As perfect as it sounds when you say it, or read it in your head, if it’s not perfect when an incompetent reader (aka an exhausted parent at bedtime) gets at it, you need to go back to the drawing board.  (Read more about fixing problems with rhyme.)

2) Make sure it only speaks to wealthy, white children.

Or don’t, because…

Kids everywhere should be able to get into your book.  No matter where they live or who they live with.  They may hear it from a teacher or come across it in a library.  Are they going to pick it up, or figure it has nothing to do with them?  (Read more about finding diversity in kids’ books)

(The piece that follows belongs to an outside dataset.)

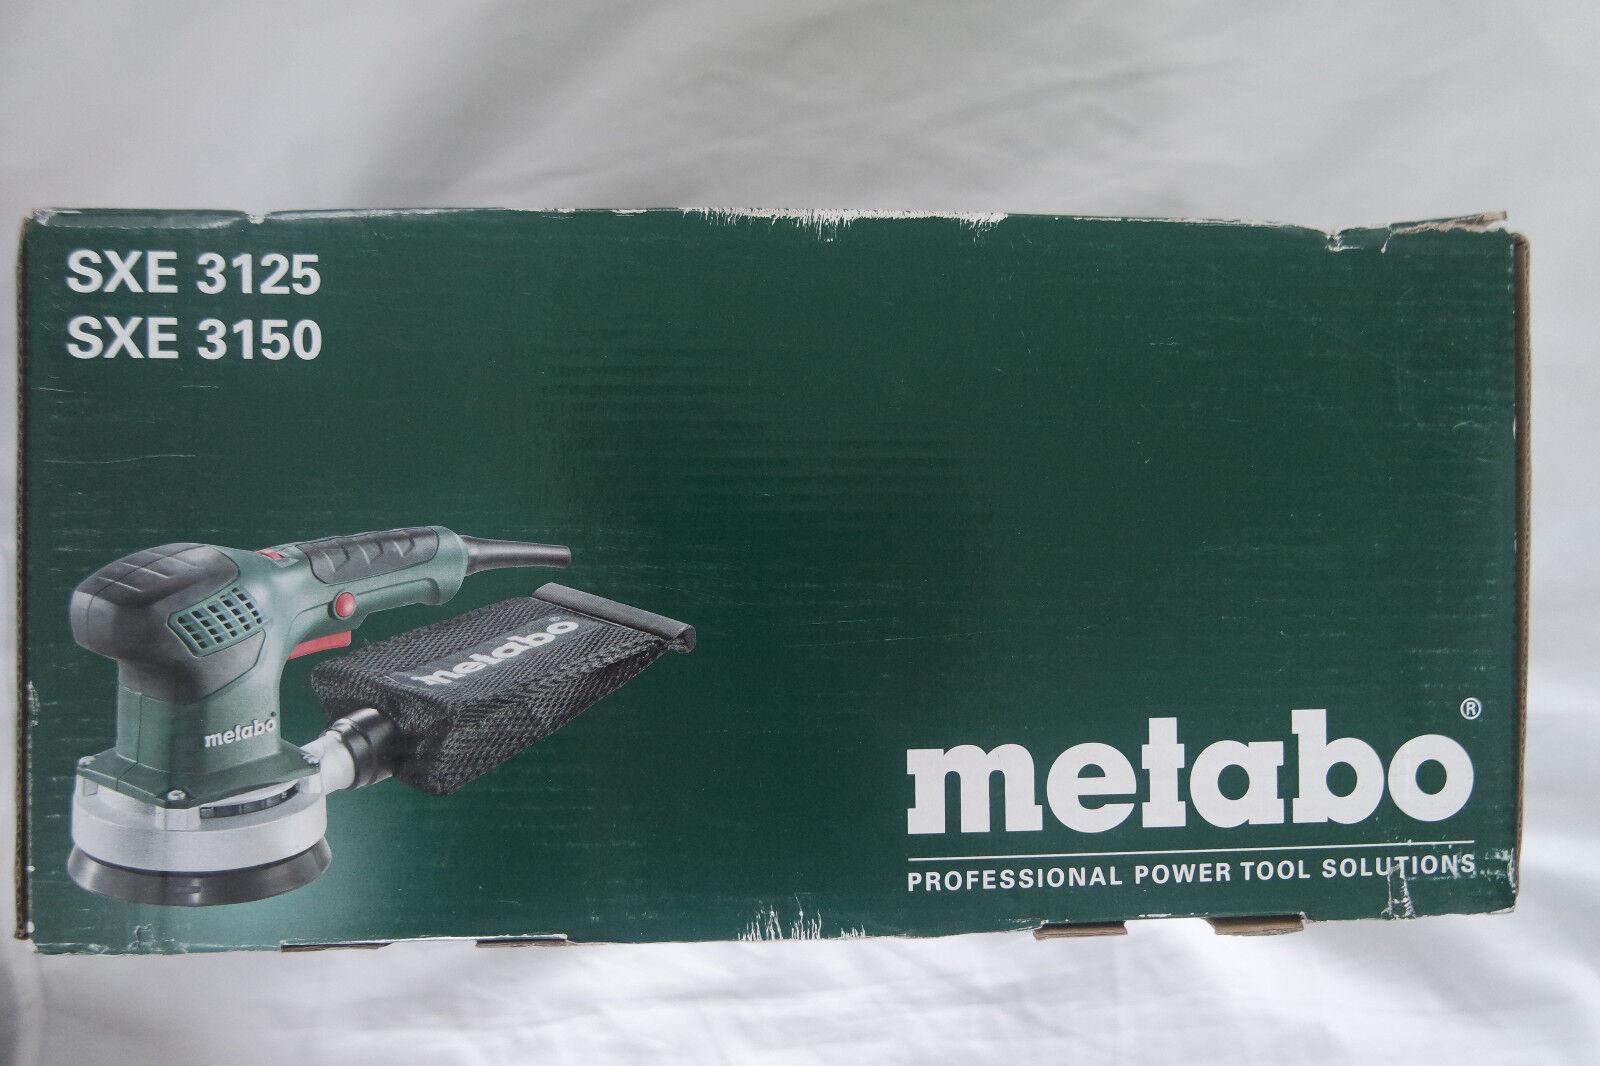 Metabo SXE 3150 Exzenterschleifer inkl. Textil-Staubbeutel 600444000

3) Make sure it has a message and teaches great values.

Or don’t, because…

Bring whatever beliefs you want to the table, absolutely, but write your story as a story first, not as a parable, or as a Sunday-school lesson.  If it’s a terrific tale and also happens to include wonderful values, that’s great. 

Thinking of marketing your book based on its values?  Think about it first:  have you ever seen a children’s book being sold based on BAD values?  (perhaps with the exception of “Go the F* to sleep,” but that was originally intended as a joke, for parents.)

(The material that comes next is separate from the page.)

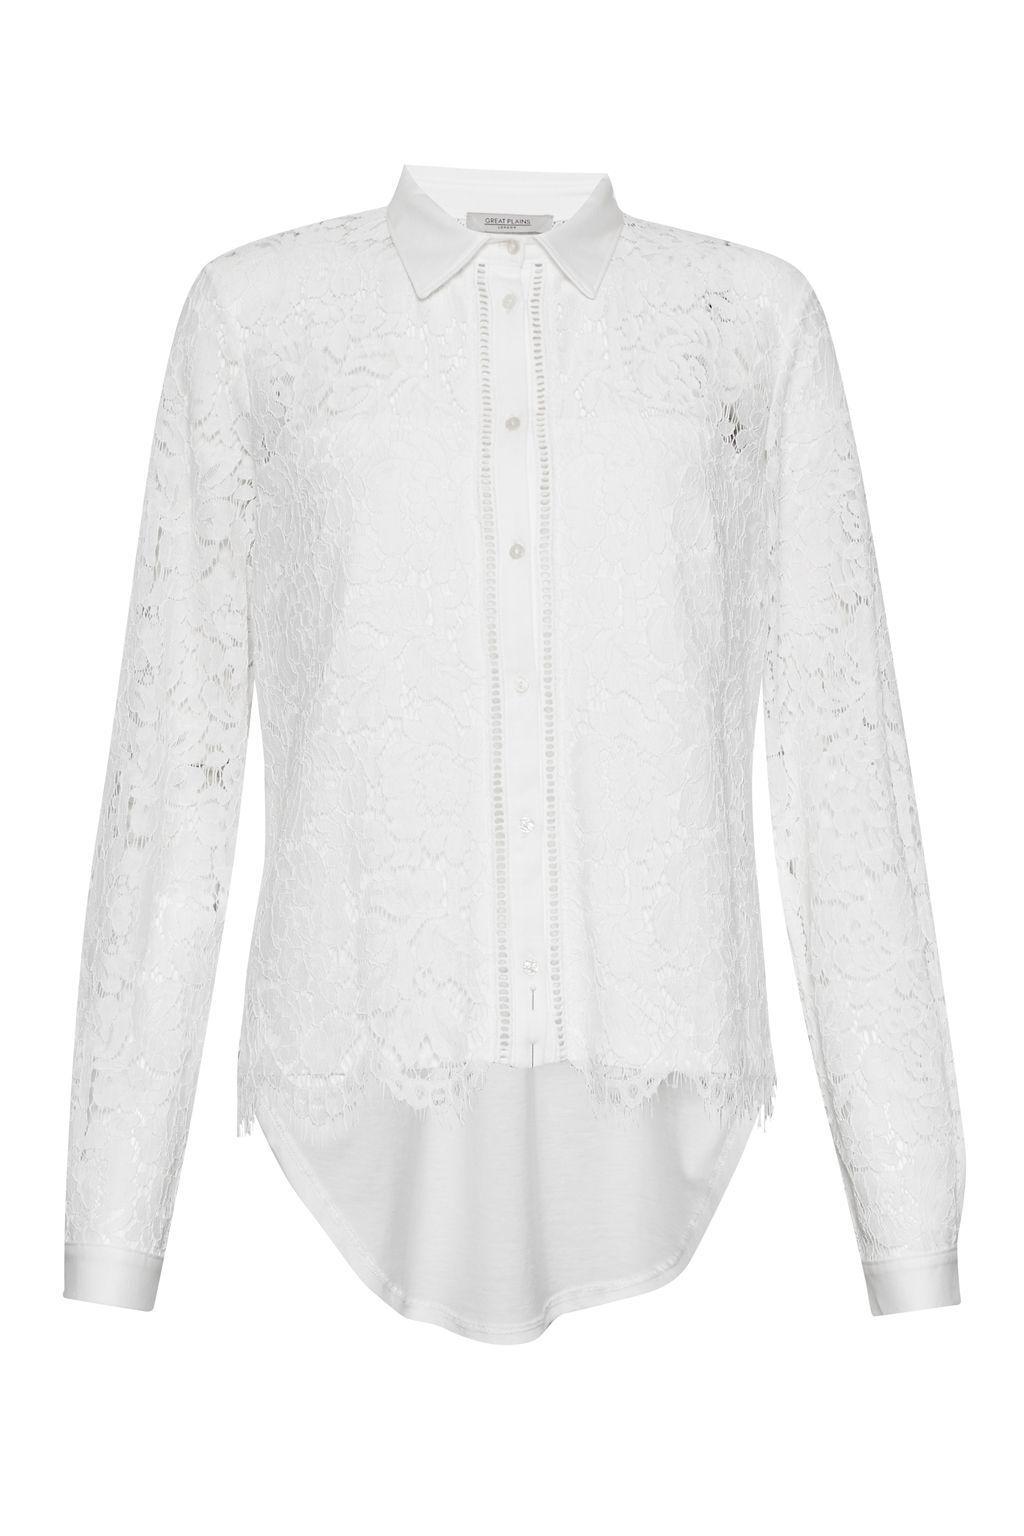 Great Plains Lorenzo Lace Mix Shirt Cream Size L LF172 KK 07

That’s because every writer – even the ones you happen to disagree with – believes they are imparting a positive message with their book.

4) Shift point of view all the time to keep things interesting.

Or don’t, because…

In real life, unless you’re schizophrenic, you see the world only through one pair of eyes.  This is the default, and it’s the simplest way to write for children.  It’s true that as kids get older, you can start playing around a little bit.  But if you’re writing for little ones, keep things simple and stick to one POV.

5) Include lots of adults in your story to step in and save your character.

Or don’t, because…

It’s just not interesting!  Just as in real life, kids prefer to solve their own problems.  Are you giving your hero a chance to BE a hero?  Wonder why most of the classics of children’s literature (Harry Potter, Great Expectations, and many more) feature protagonists who are orphans? 

Even the ones that don’t quite kill them off usually manage to get the main character’s parents out of the way so they can solve their own problems.

6) Make sure it’s super-educational.

Or don’t, because…

This is actually related to throwing in values.  Let’s say you want to write an educational book.  Since information is so cheap these days, you can just hop over to Wikipedia, grab a bunch of true facts, paste it into Microsoft Word, spit out a PDF, and voila – a children’s book.

You could do that… but please don’t.

It may be true (some facts in this type of book are; some aren’t), but it sure as heck isn’t an interesting children’s book.  Even non-fiction has to tell some kind of story, or offer kids some compelling reason to turn the page… and it can’t be just “to see the next fact.”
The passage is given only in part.